Information supplied:
-- -- --

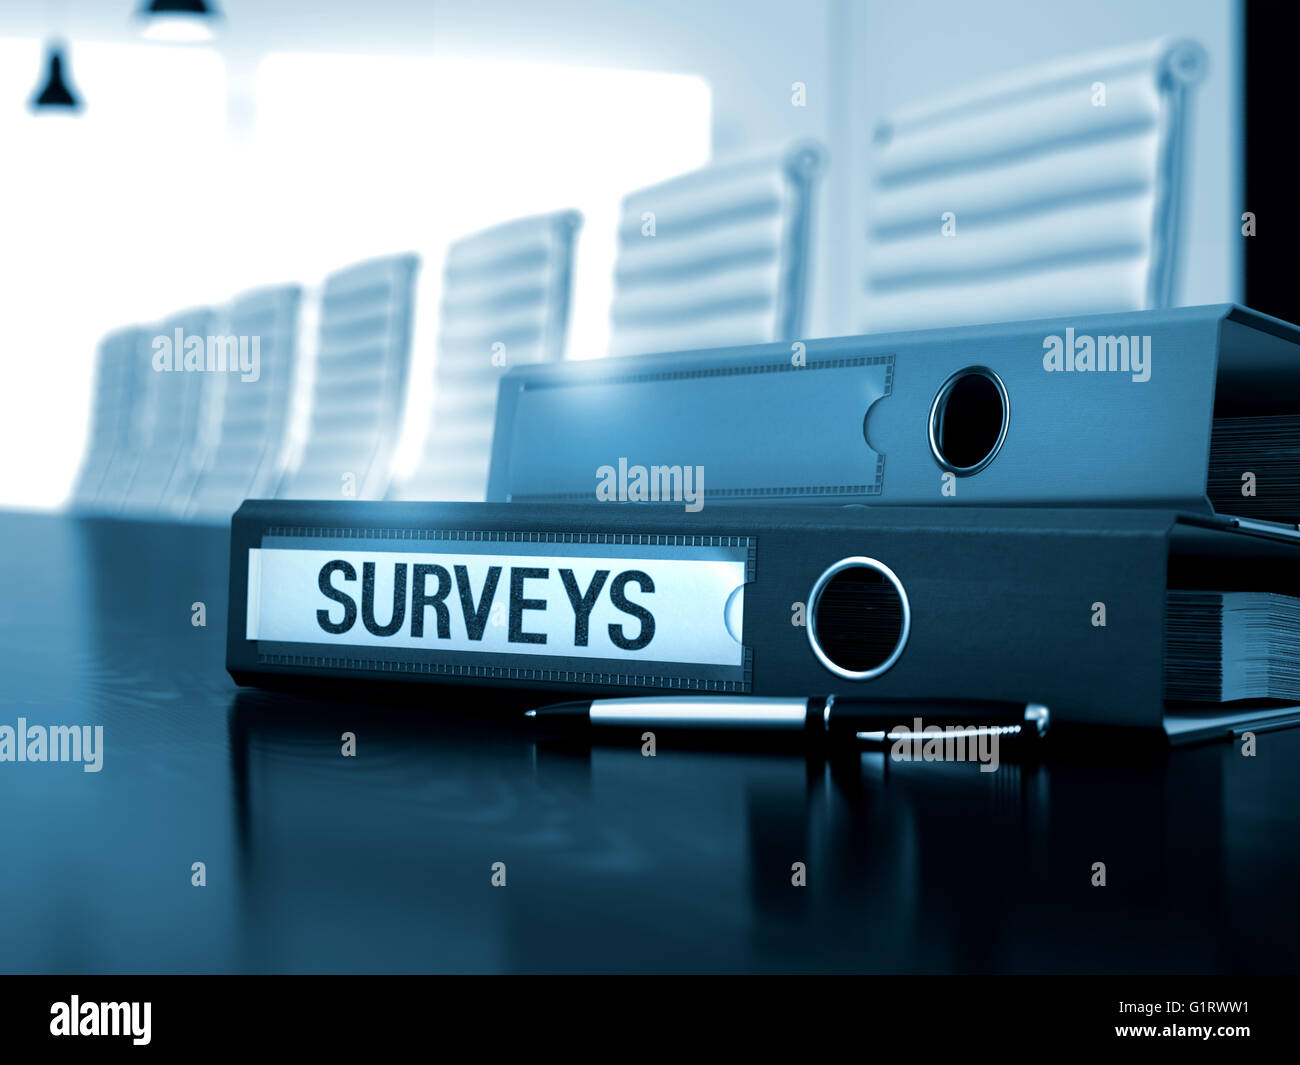 Surveys on Ring Binder. Blurred Image. Stock Photo
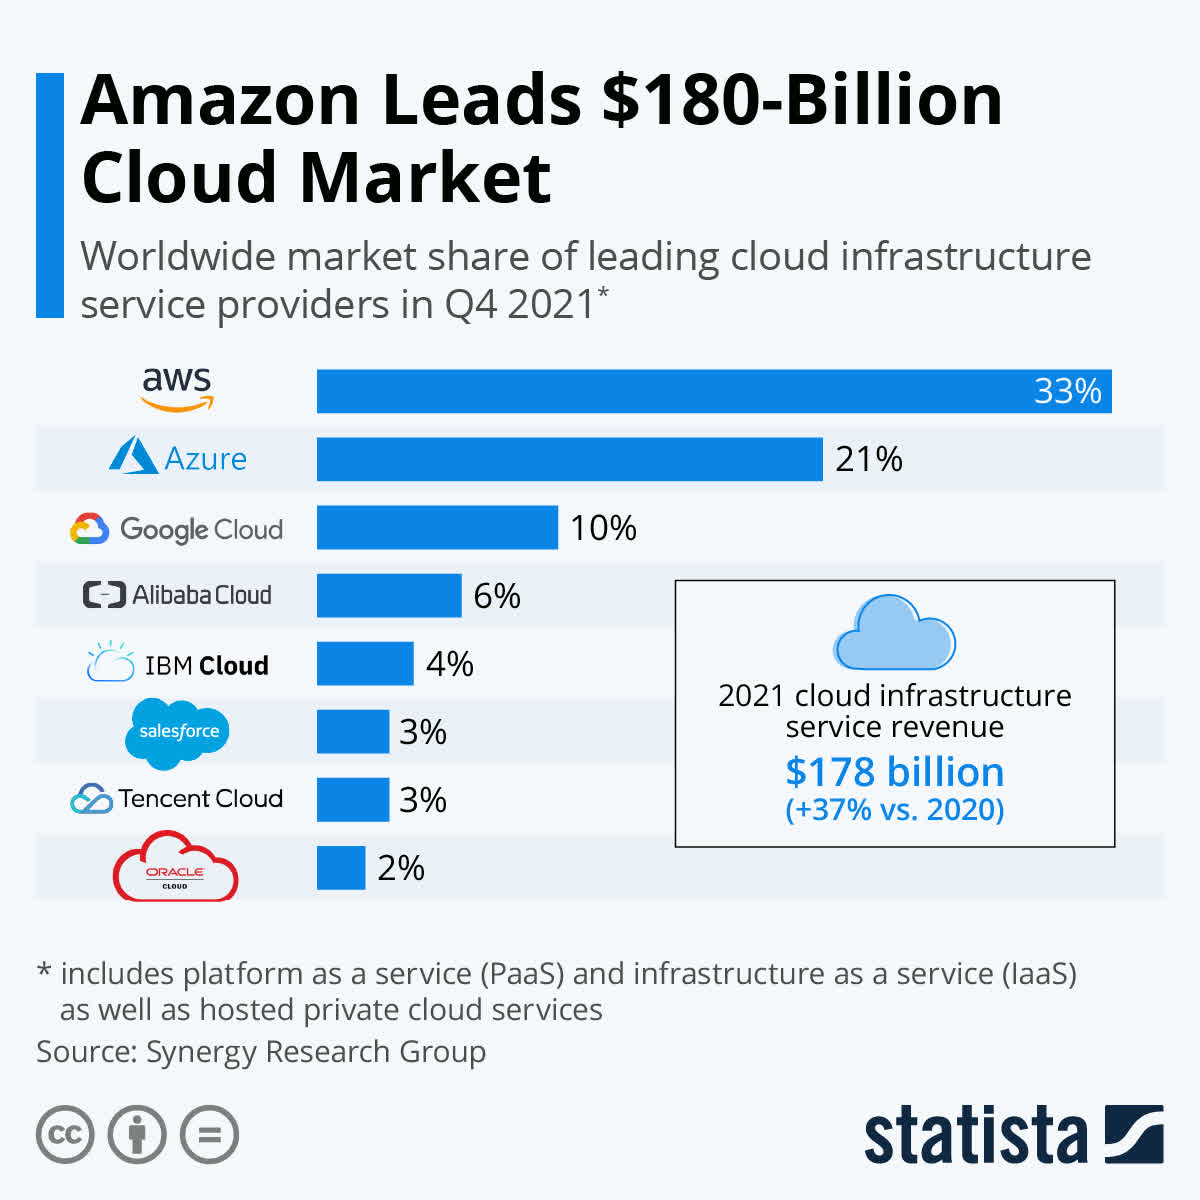 Amazon Leads $180-Billion Cloud Market
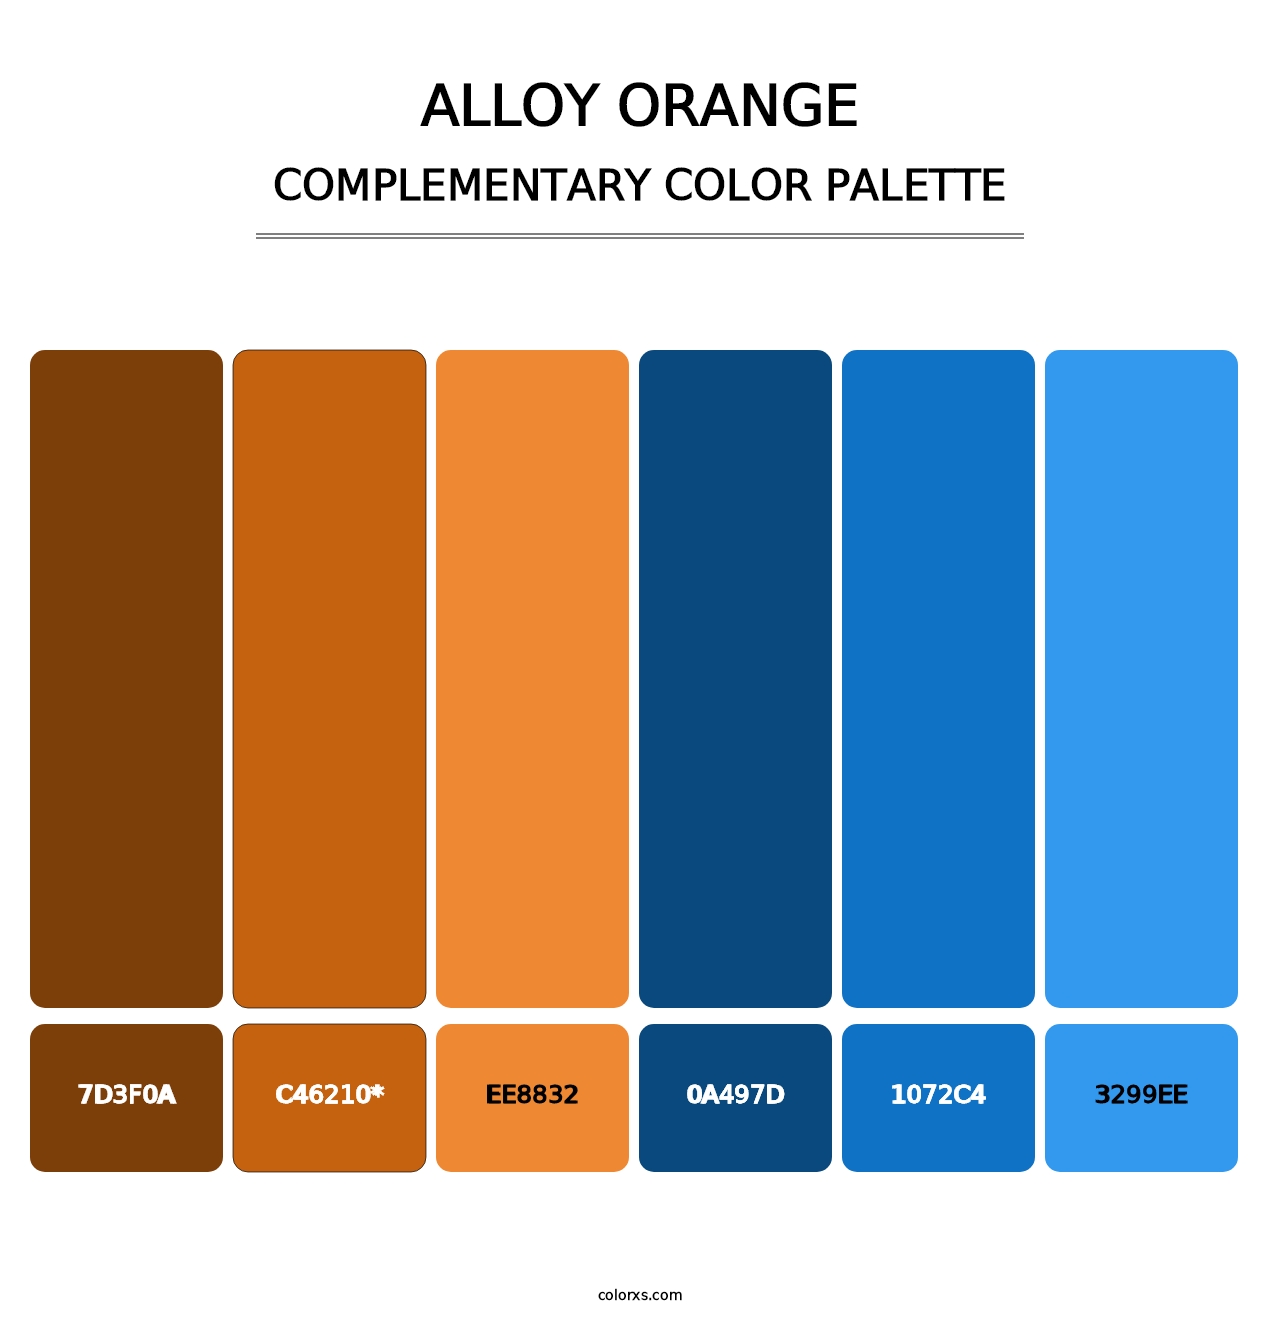 Alloy Orange - Complementary Color Palette

-- -- --

About this task: Output the complete listing exactly. Pictures stay out.

Exercise solution:
 Surveys on Ring Binder. Blurred Image. Stock Photo
 Amazon Leads $180-Billion Cloud Market
 Alloy Orange - Complementary Color Palette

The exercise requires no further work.